AI Infrastructure Engineer

Capstone Investment Advisors•New York, NY

57d

About The Position

We are seeking an AI Infrastructure Engineer to design, build, and scale the foundational infrastructure that enables AI-driven development across the organization. This role will focus on building secure, production-grade systems that support intelligent agents, large language models (LLMs), and distributed AI tooling.
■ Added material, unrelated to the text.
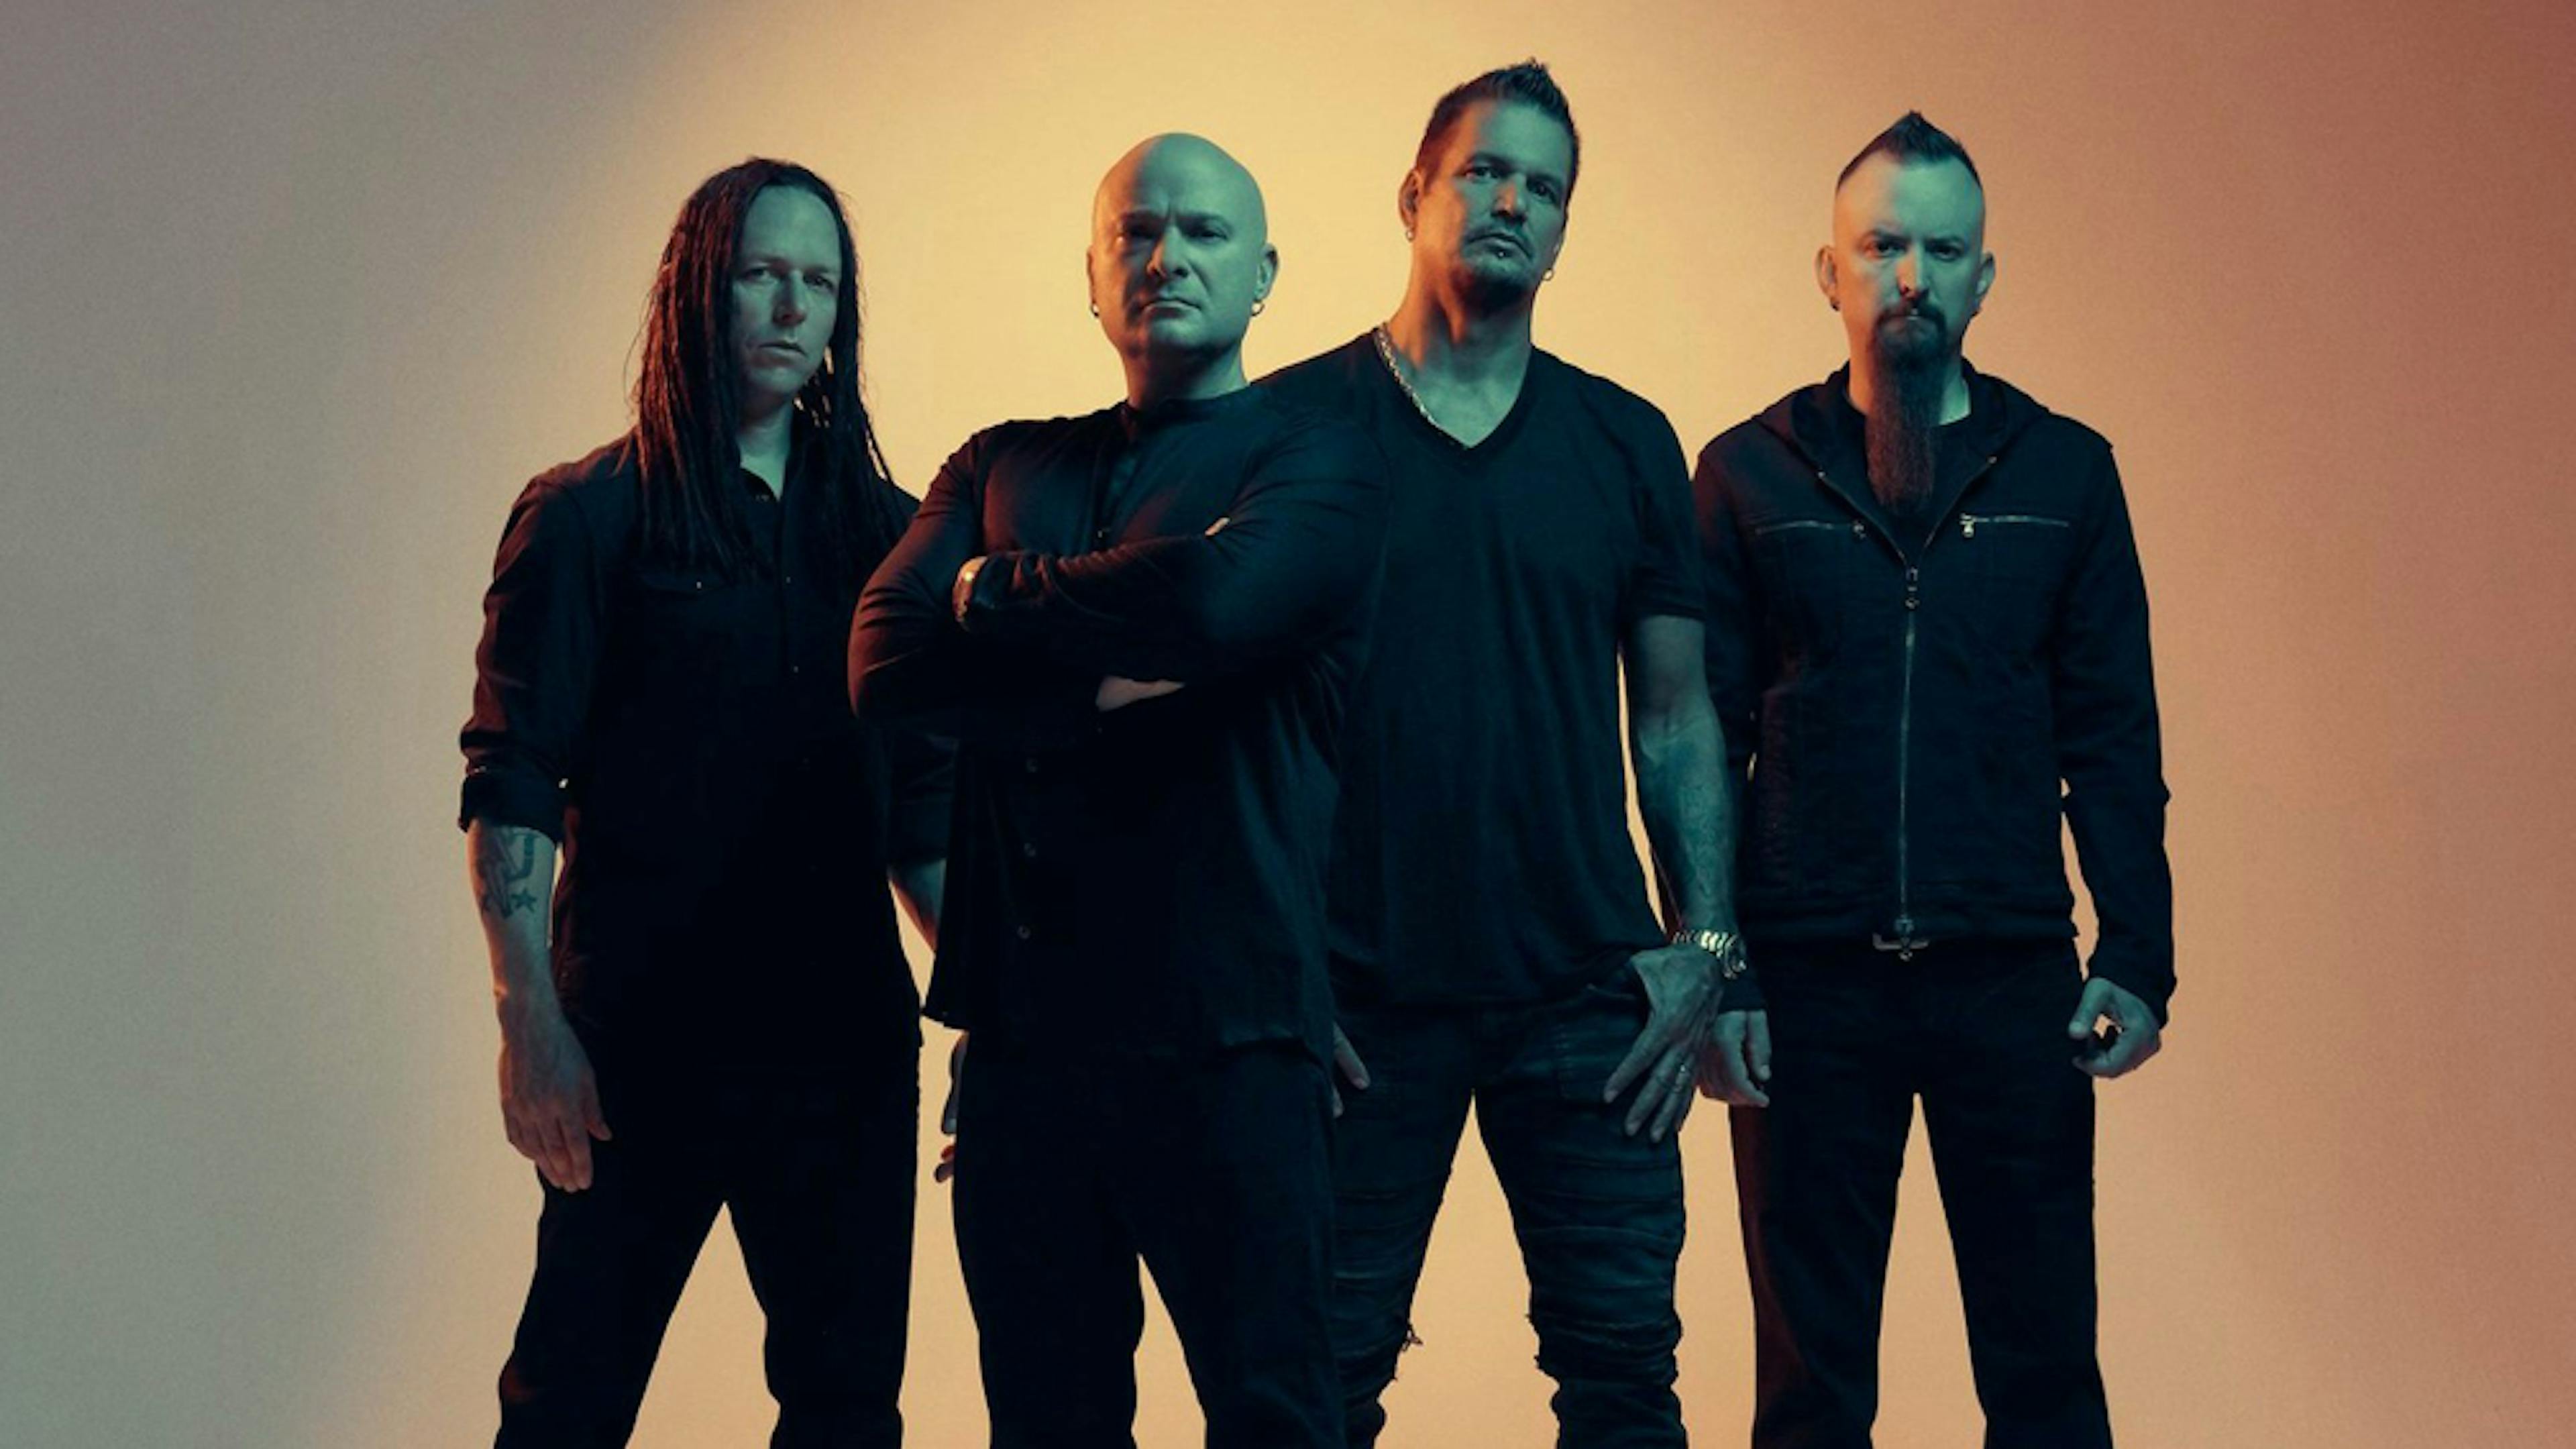 Disturbed Announce The Sickness 20th Anniversary Tour With Bad Wolves And Staind

The ideal candidate combines strong software engineering fundamentals with hands-on experience in AI infrastructure and Site Reliability Engineering (SRE) experience.

Requirements

5+ years of professional software engineering experience, with a proven track record of designing and delivering scalable, production-grade systems.
Demonstrated experience managing Kubernetes in a production environment.
Expertise in building and supporting AI/ML infrastructure, agent-based systems, or AI-enhanced developer platforms.
Solid understanding of modern security architecture, including API security, OAuth 2.0 and Keycloak authentication flows, and secure system design principles.

Nice To Haves

Hands-on experience with AI agent frameworks, LLM integrations, or Model Context Protocol (MCP) implementations.
Experience designing multi-tenant or federated AI platforms operating across distributed environments.
Familiarity with enterprise AI governance, compliance frameworks, and operational risk controls.
Background in cybersecurity, security architecture, or penetration testing.
Experience working with AI-assisted development tools, automated code generation, and modern testing frameworks.

Responsibilities

Build Intelligent Agent Platforms: Design and implement orchestration frameworks and secure execution environments that enable LLM-powered tools and agent-based workflows.
Architect AI Infrastructure: Develop scalable infrastructure that supports distributed agent development and deployment across multiple teams and business units.
Oversee AI Agent Operations: Manage agent lifecycles and ensure AI-generated outputs — including code — align with architectural standards, security policies, and engineering best practices.
Develop Agent Communication Systems: Build and maintain Model Context Protocol (MCP) services and supporting infrastructure to enable reliable communication, coordination, and integration with enterprise systems.
Implement Governance & Security Controls: Establish monitoring, observability, compliance, and security frameworks to ensure safe and responsible AI operations at scale.
Drive Organizational Adoption: Partner directly with teams across the firm to promote AI infrastructure best practices, provide hands-on guidance, and support adoption of AI-augmented development workflows.